Review of last week's (May 17) Action Items

Action Items

Notes

Monitor and Mitigate Endorsement

No additional comments from the call.

Mark will post final version to Wiki.

Detecting NTLMv1 and Unsigned LDAP binds

These can be detected on DCs running Windows 2008 server or higher. Event IDs are 4624 and 2889.

The plan is to also release the PowerShell scripts and configuration requirements (special configs are required to initiate logging of the event)

NTLMv2 and RC4-HMAC

David points out that the Protected Channels requirement is for the transmission of passwords and Windows uses challenges which do not transmit the actual passwords.

Concern that focusing too much on NTLMv2 or Kerberos technicalities will overlook that there are other protocols that could be used (specifically around 4.2.3.6.2) that would still be insecure. May still need language in doc to clarify you have to look at the other non-AD protocols (e.g., https to web apps).

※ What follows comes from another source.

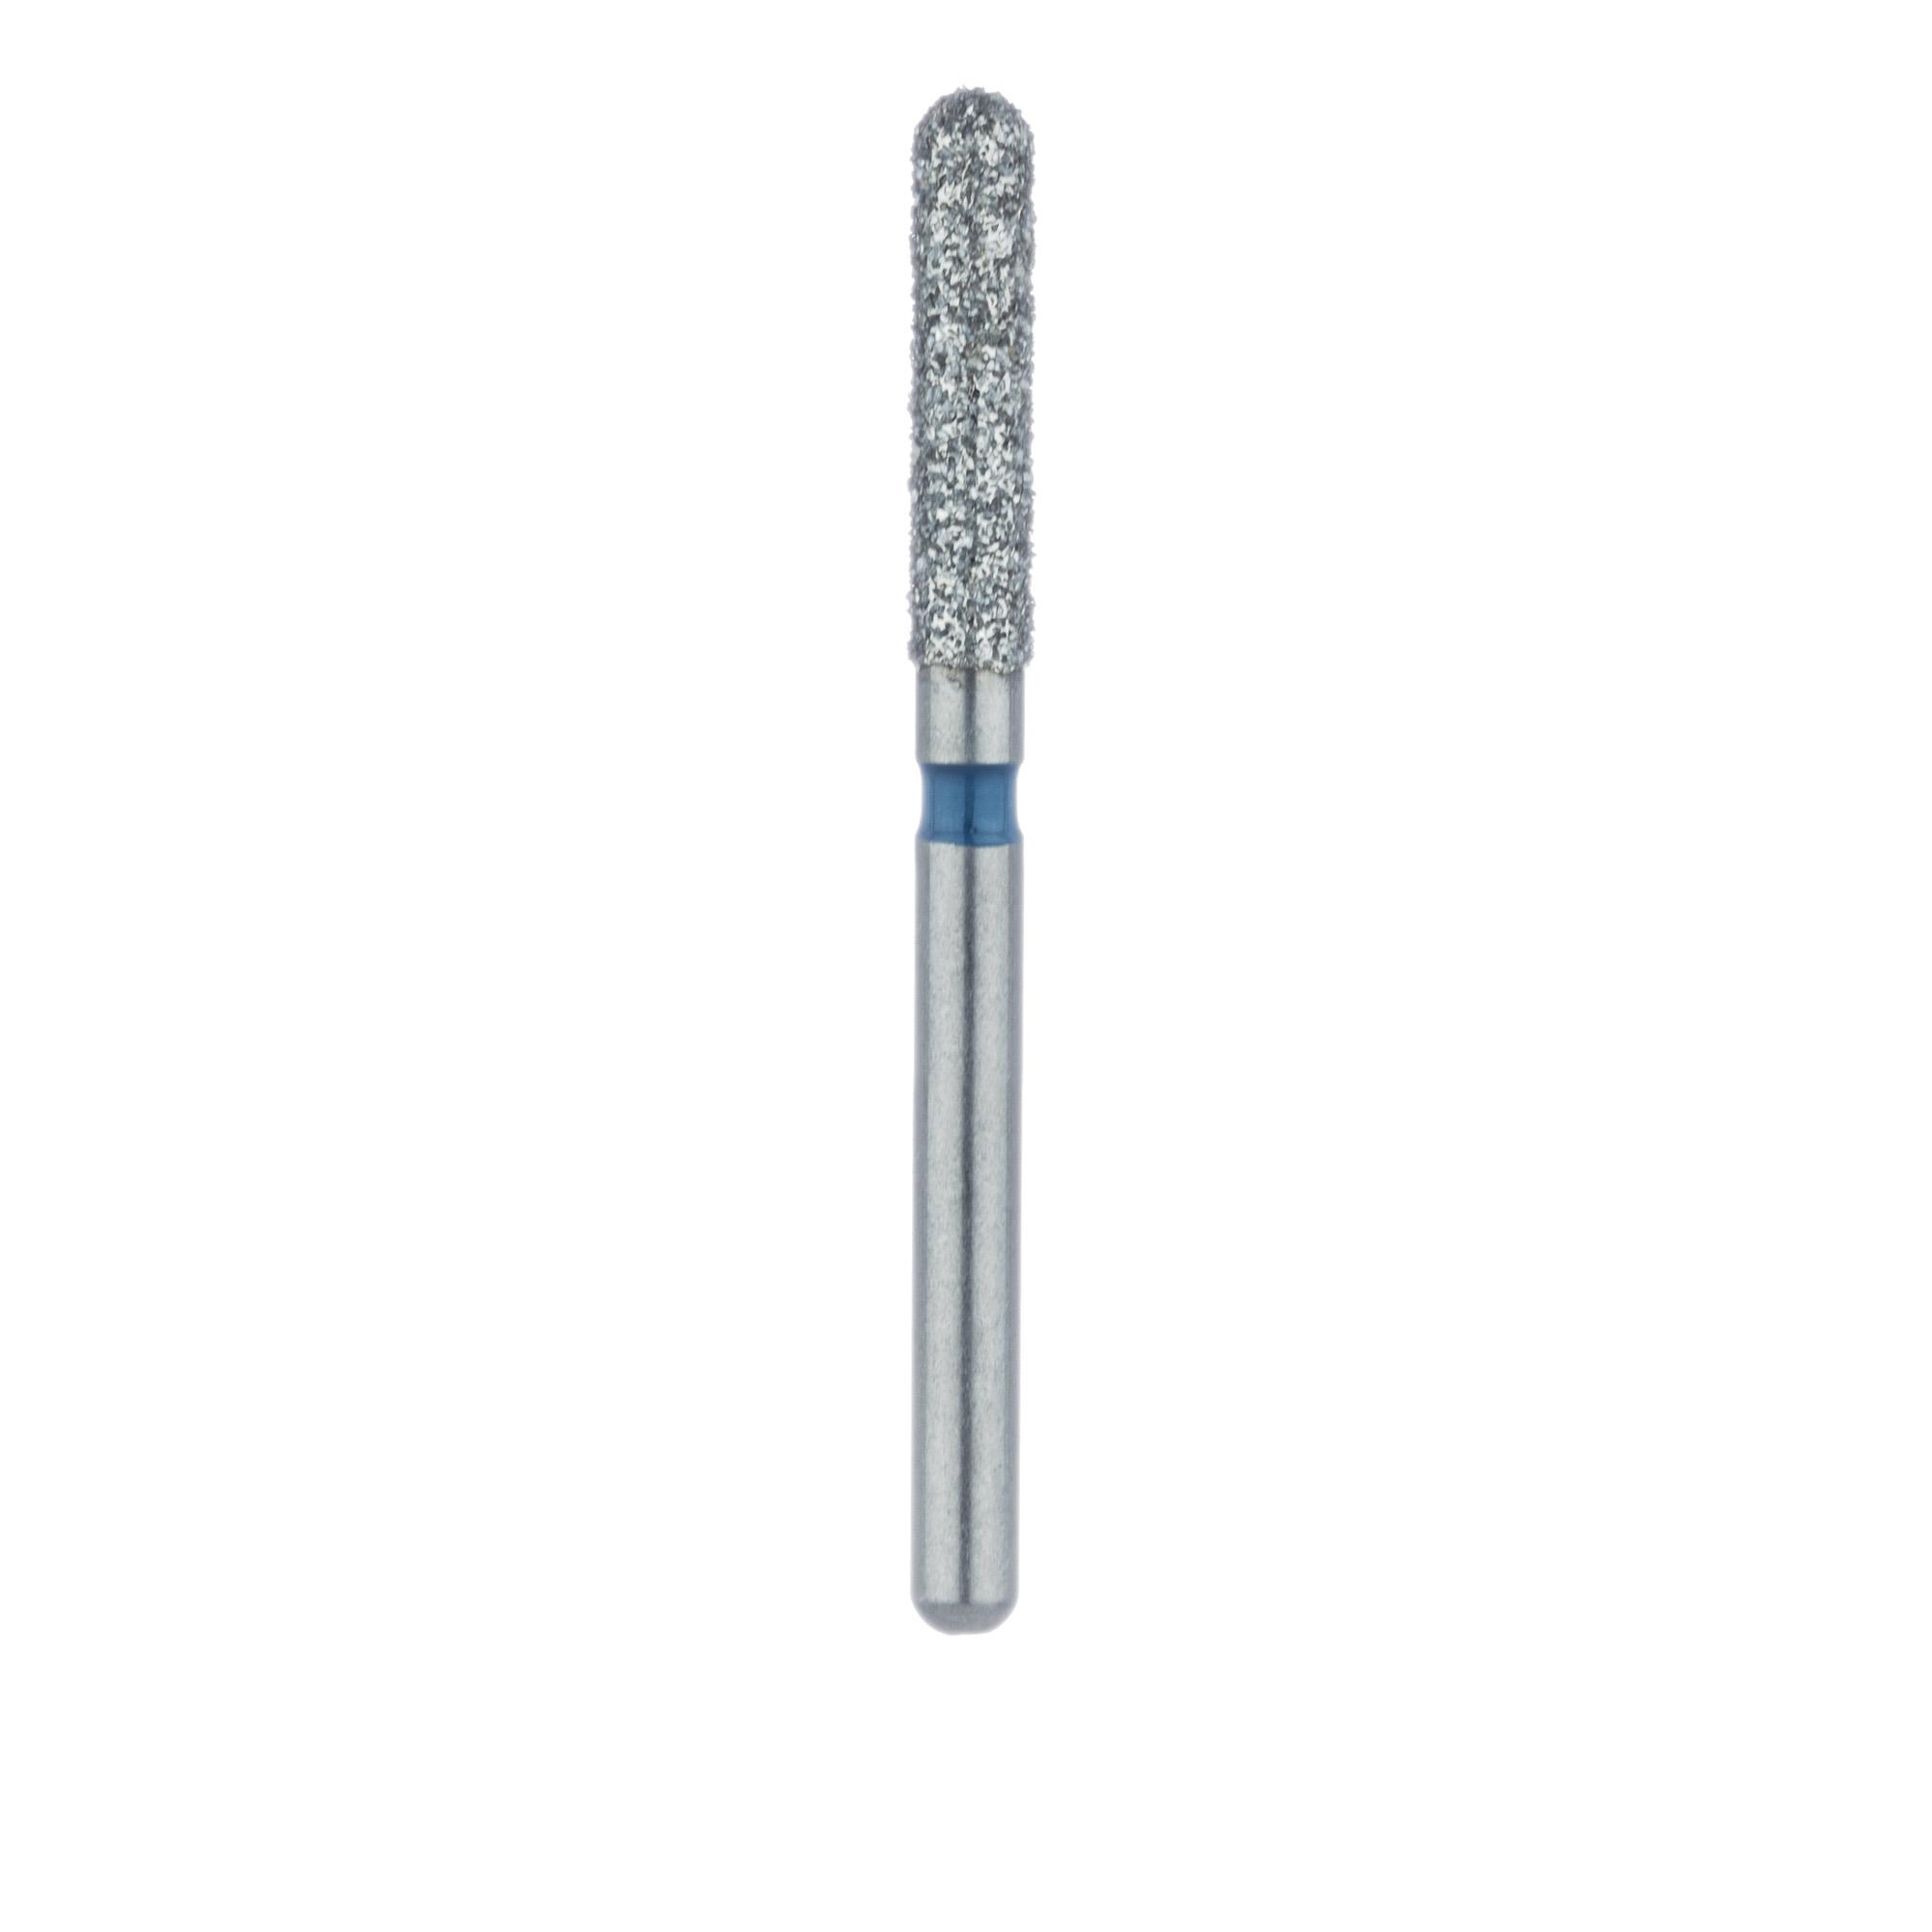 881-018-FG Round End Cylinder Diamond Bur, 1.8mm Ø, Medium, FG

Brian pointed out that 800-63 defines short term authentication secret (which a challenge arguably is) as covered. The IAF does not appear to include short term authentication secrets in that definitions. Clarify the distinction with David -- that is, that the IAF does not equate "short term authentication secrets" with passwords. If we make this assessment, still need to document the logic somewhere in the Cookbook or supporting docs for use in Management Assertions.

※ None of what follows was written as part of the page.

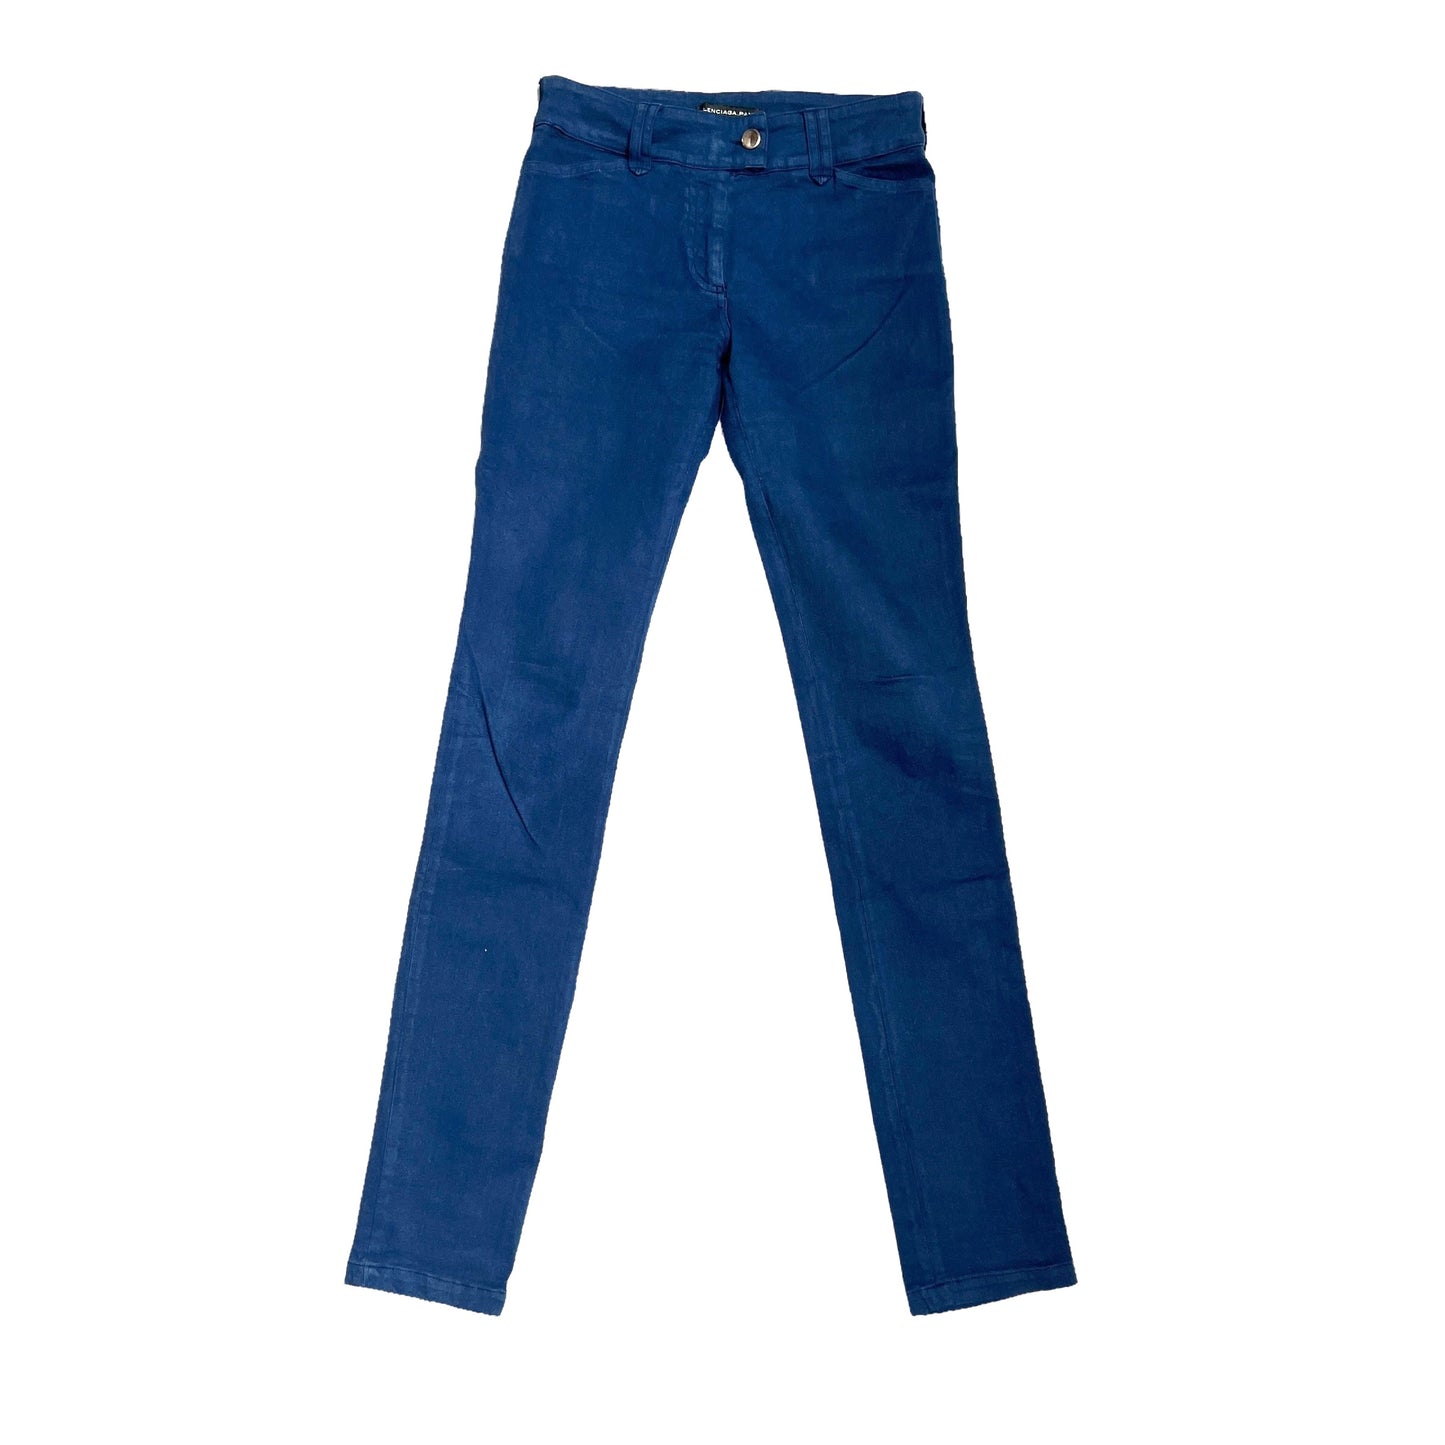 Blue Cotton Jeans - S

So some question of whether the challenge itself or the session key is actually an "authentication secret".

[In 800-63] On the order of 2^80 if it's possible to guess/attack it. Talked about larger entropy of passwords for Silver 2^42 (12 char rather than 8, etc).

Client Caching Credentials

Windows apparently has 3 different mechanisms for local caching of passwords.  The one used to manage the domain credentials still appears to be the Data Protection API. Data Protection API to break really requires breaking into the local machine (infecting, etc). 

Cookbook Discussion

May need separate documents for Discussion vs. Configuration Recommendations. (For now will keep as separate sections in the same document).

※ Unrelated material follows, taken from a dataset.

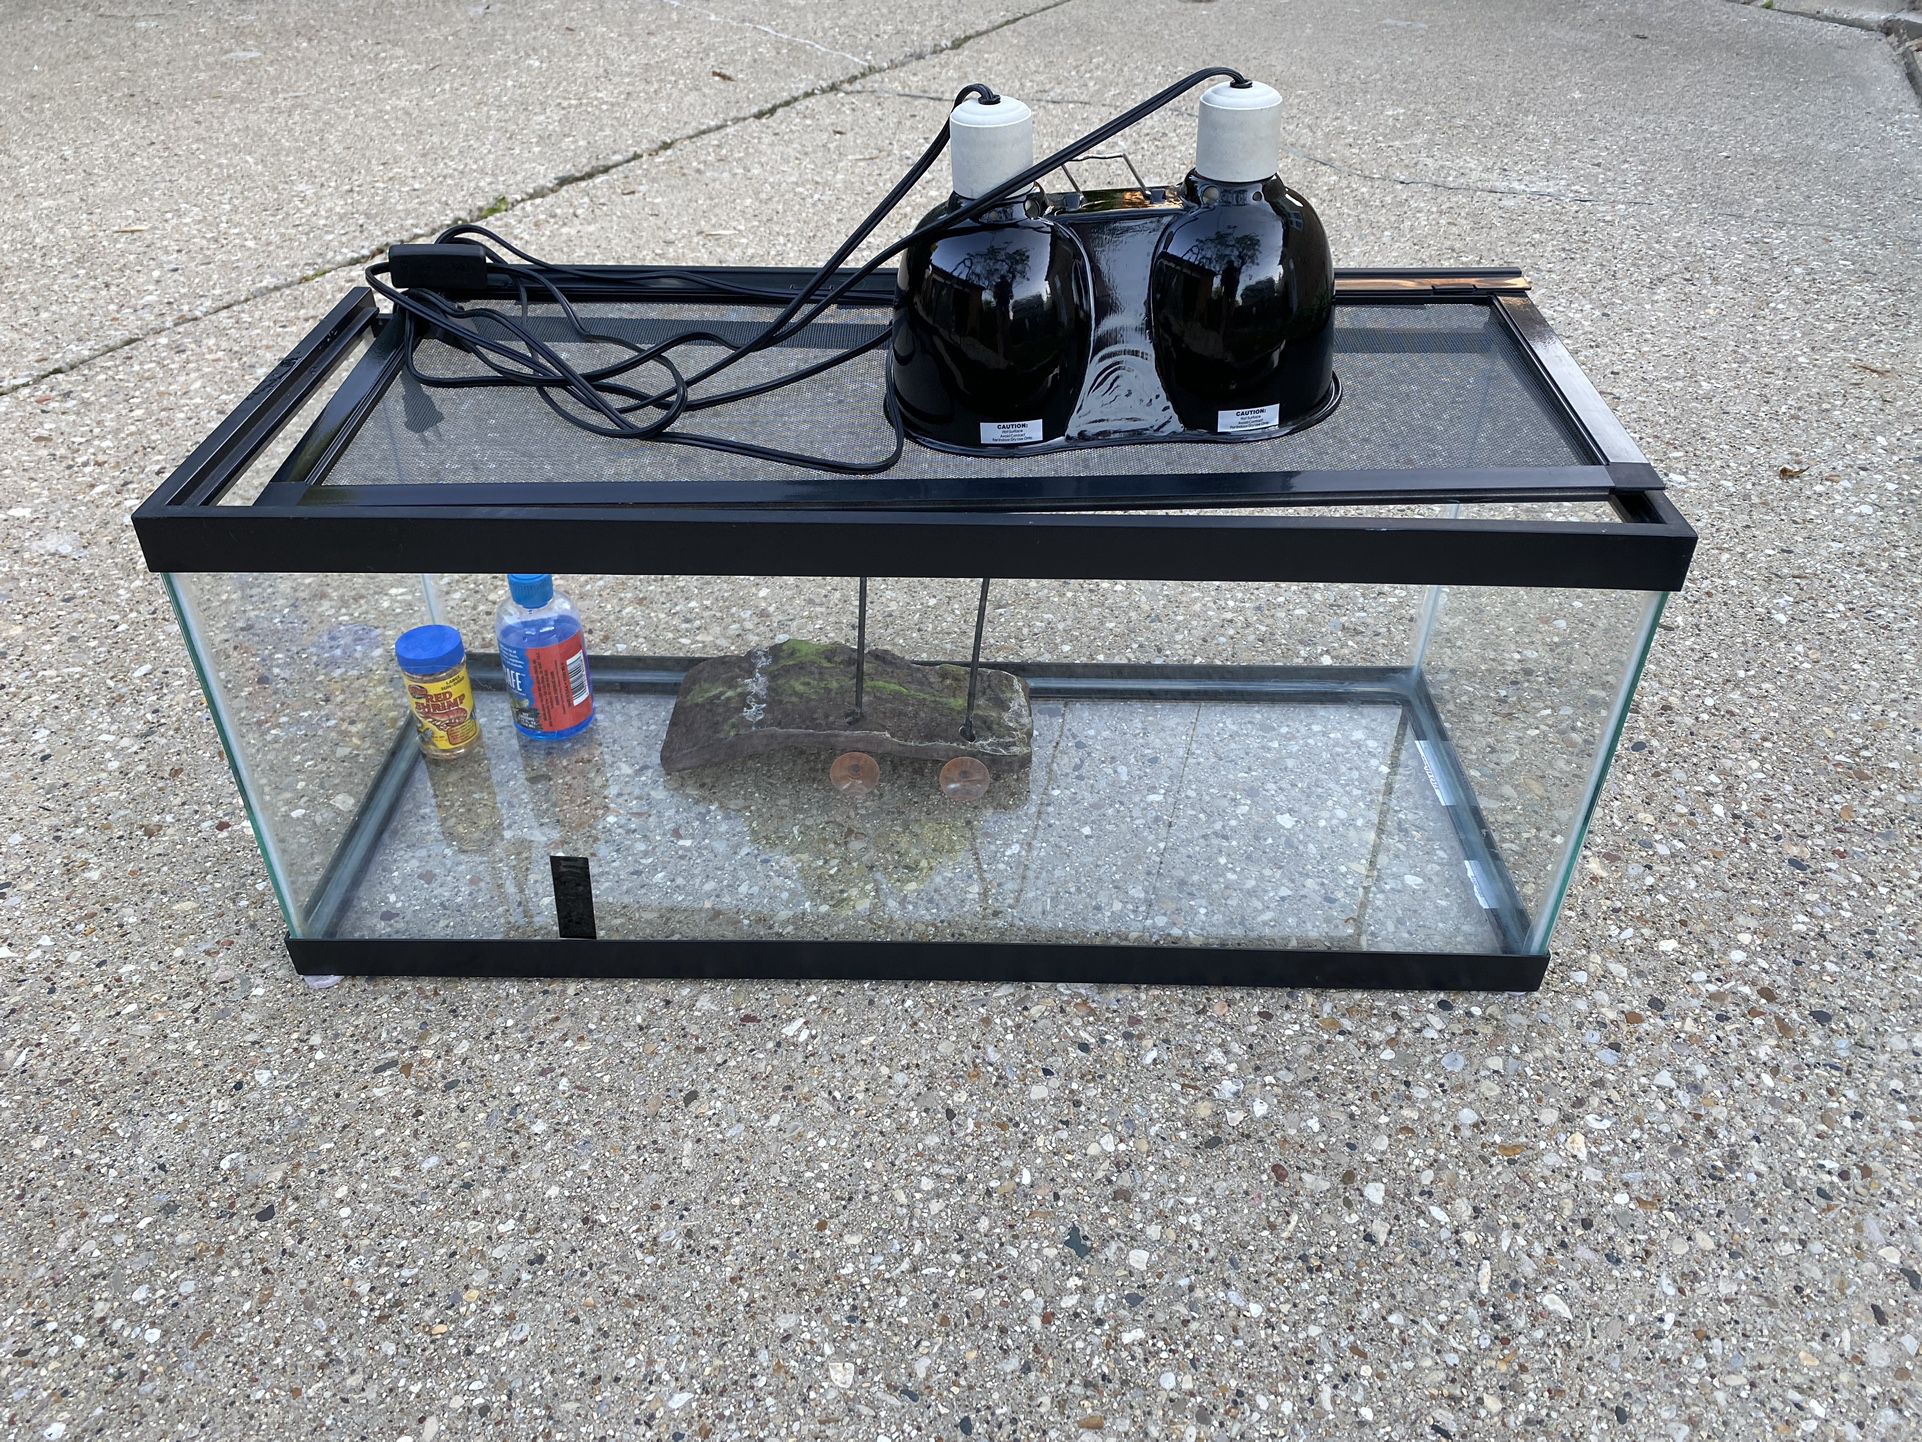 Fish Tank/Zoo Med Aquatic Turtle ReptiHabitat, 20 Gallon

Particularly in the network setup section, be clearer what requirements are "and" vs. "or". It's confusing as it is right now.

There are several Management Assertions that don't have any configuration requirements associated with them. E.g., language such as "use of NTLMv2 meets 4.2.3.6.2 as it never transmits passwords, only password challenges".  We need to figure out where to put these assertions.

Some discussion again of whether 72 hours is too long for the "monitor and mitigate" strategy. It was pointed out that while automation would likely make this much faster to detect, that campuses may still want to have a manual process in place for review (at least for some cases), so the 72 hours still appears to make sense.

The "replay attacks" section has some general recommendations that we haven't discussed in great detail. Also, timeskew recommendation for Kerberos is not an actual recommendation, just a pointer to a possible mitigation. Do we have a recommendation? We also have a question around how timeskew works for Kerberos (is it |time1 - time2|, etc.).

Recommendations we agreed to change:

"NIS et al" as a compensating control for stored authentication secrets is insufficient. Need some language that says "and physical protection, and..." Also, while the issue of stored passwords being non-conformingly stored is an AD issue, these as alternate controls are not. I.e., if you wanted to protect any non-conforming password store you'd need to develop the same type of mitigation program, and it would not really have any components that are AD specific. Will update the compensating control with a general statement, but NOT with a Management Assertion or and Alternative Means statement.

Will remove reference to Syskey mode 2/3 if it is found that syskey is non-conforming.